On Thu, Jun 22, 2023 at 03:16:51PM -0700, Palmer Dabbelt wrote:
> On Thu, 22 Jun 2023 14:53:27 PDT (-0700), nathan@kernel.org wrote:
> > On Wed, Jun 21, 2023 at 11:19:31AM -0700, Palmer Dabbelt wrote:
> > > On Wed, 21 Jun 2023 10:51:15 PDT (-0700), bjorn@kernel.org wrote:
> > > > Conor Dooley <conor@kernel.org> writes:
> > > >
> > > > [...]
> > > >
> > > > > > So I'm no longer actually sure there's a hang, just something
> > > > > > slow.  That's even more of a grey area, but I think it's sane to
> > > > > > call a 1-hour link time a regression -- unless it's expected
> > > > > > that this is just very slow to link?
> > > > >
> > > > > I dunno, if it was only a thing for allyesconfig, then whatever - but
> > > > > it's gonna significantly increase build times for any large kernels if LLD
> > > > > is this much slower than LD. Regression in my book.
> > > > >
> > > > > I'm gonna go and experiment with mixed toolchain builds, I'll report
> > > > > back..
> > > >
> > > > I took palmer/for-next (1bd2963b2175 ("Merge patch series "riscv: enable
> > > > HAVE_LD_DEAD_CODE_DATA_ELIMINATION"")) for a tuxmake build with llvm-16:
> > > >
> > > >   | ~/src/tuxmake/run -v --wrapper ccache --target-arch riscv \
> > > >   |     --toolchain=llvm-16 --runtime docker --directory . -k \
> > > >   |     allyesconfig
> > > >
> > > > Took forever, but passed after 2.5h.
> > > 
> > > Thanks.  I just re-ran mine 17/trunk LLD under time (rather that just
> > > checking top sometimes), it's at 1.5h but even that seems quite long.
> > > 
> > > I guess this is sort of up to the LLVM folks: if it's expected that DCE
> > > takes a very long time to link then I'm not opposed to allowing it, but if
> > > this is probably a bug in LLD then it seems best to turn it off until we
> > > sort things out over there.
> > > 
> > > I think maybe Nick or Nathan is the best bet to know?
> > 
> > I can confirm a regression with allyesconfig but not allmodconfig using
> > LLVM 16.0.6 on my 80-core Ampere Altra system.
> > 
> > allmodconfig: 8m 4s
> > allmodconfig + CONFIG_LD_DEAD_CODE_DATA_ELIMINATION=n: 7m 4s
> > allyesconfig: 1h 58m 30s
> > allyesconfig + CONFIG_LD_DEAD_CODE_DATA_ELIMINATION=n: 12m 41s
> 
> Are those backwards?  I'm getting super slow builds after merging the patch
> set, not before -- though apologize in advance if I'm reading it wrong, I'm
> well on my way to falling asleep already ;)

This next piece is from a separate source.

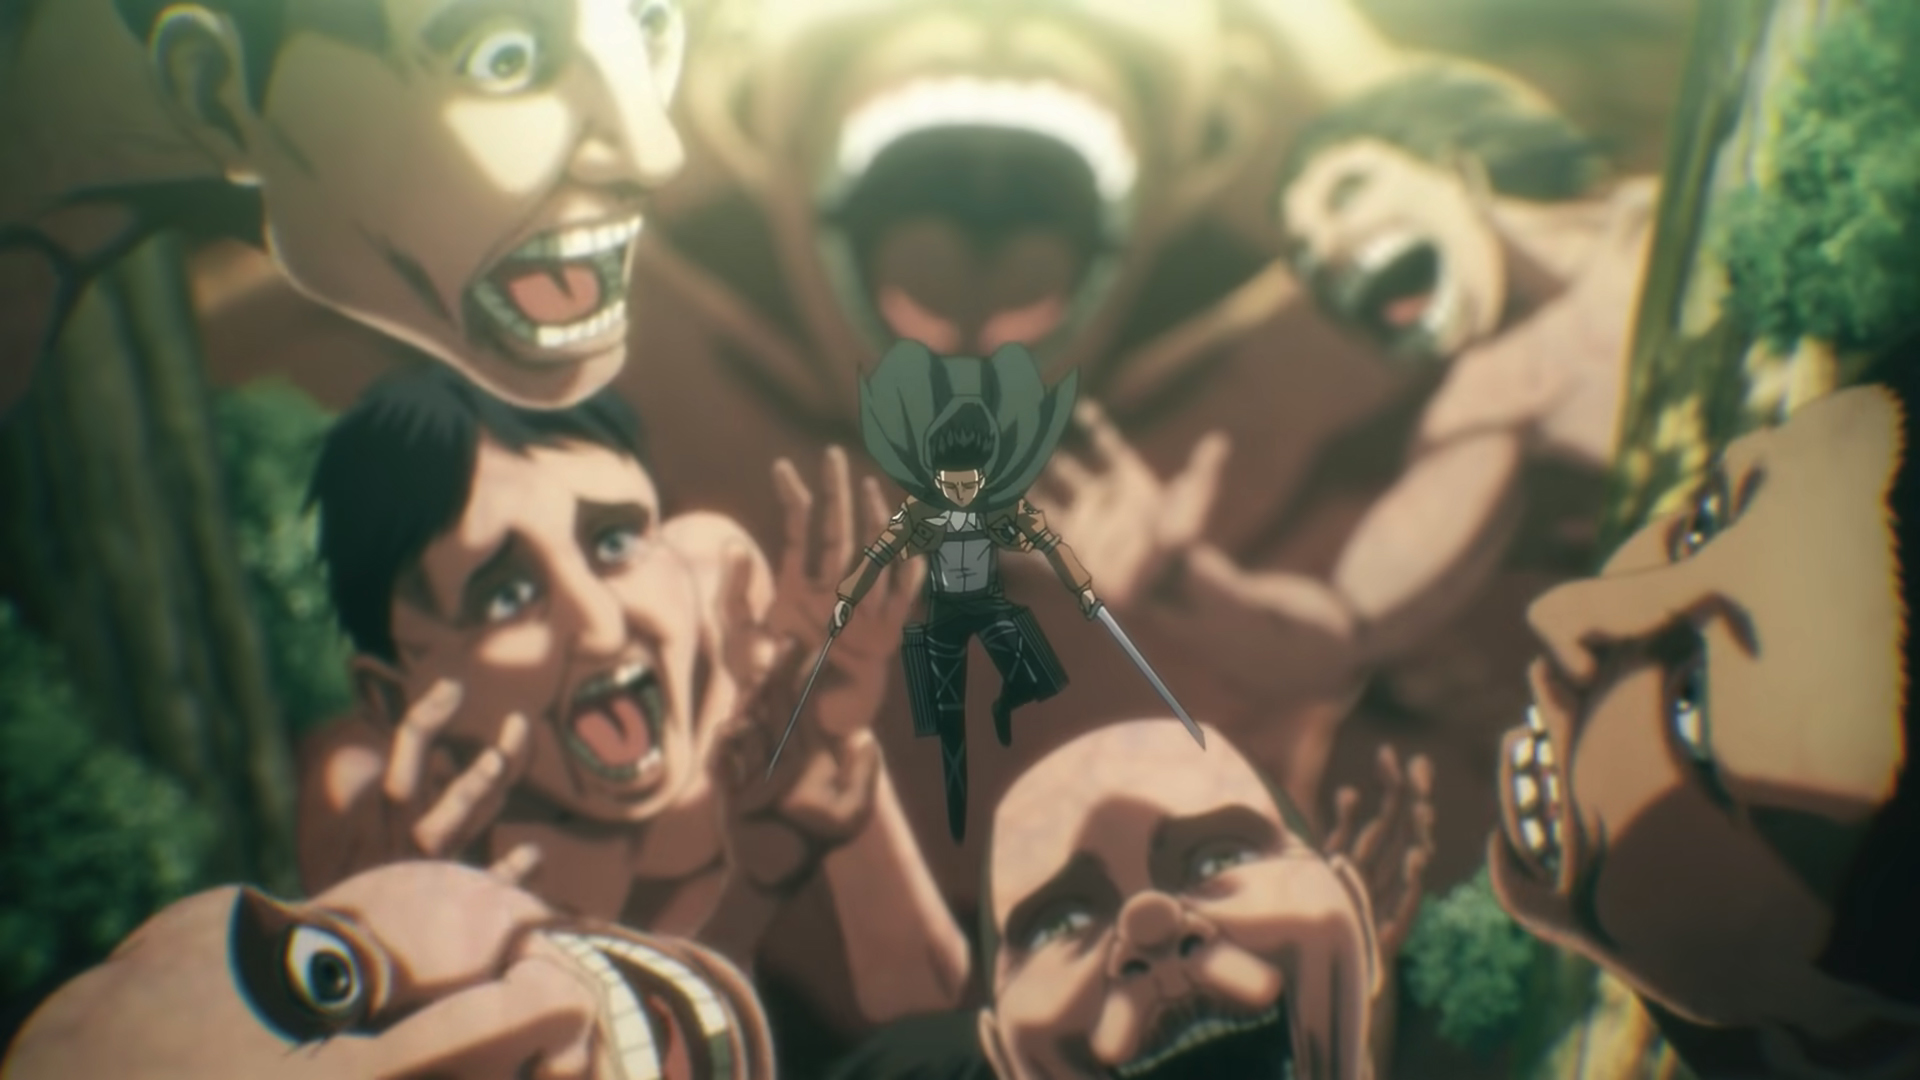 Attack On Titan Season 4 What You Need To Know About The Hit Anime Series Techradar In order to avoid catastrophe zeke is kept far away from eren in a distant forest where. attack on titan season 4 what you need

I know I already responded to you around this on IRC but I will do it
here too for the benefit of others following this thread.

These numbers are from the patchset applied on top of dad9774deaf1
("Merge tag 'timers-urgent-2023-06-21' of
git://git.kernel.org/pub/scm/linux/kernel/git/tip/tip"); in other words,
allmodconfig and allyesconfig have CONFIG_LD_DEAD_CODE_DATA_ELIMINATION=y
so turning it off is basically like building allmodconfig and
allyesconfig before the patchset was applied.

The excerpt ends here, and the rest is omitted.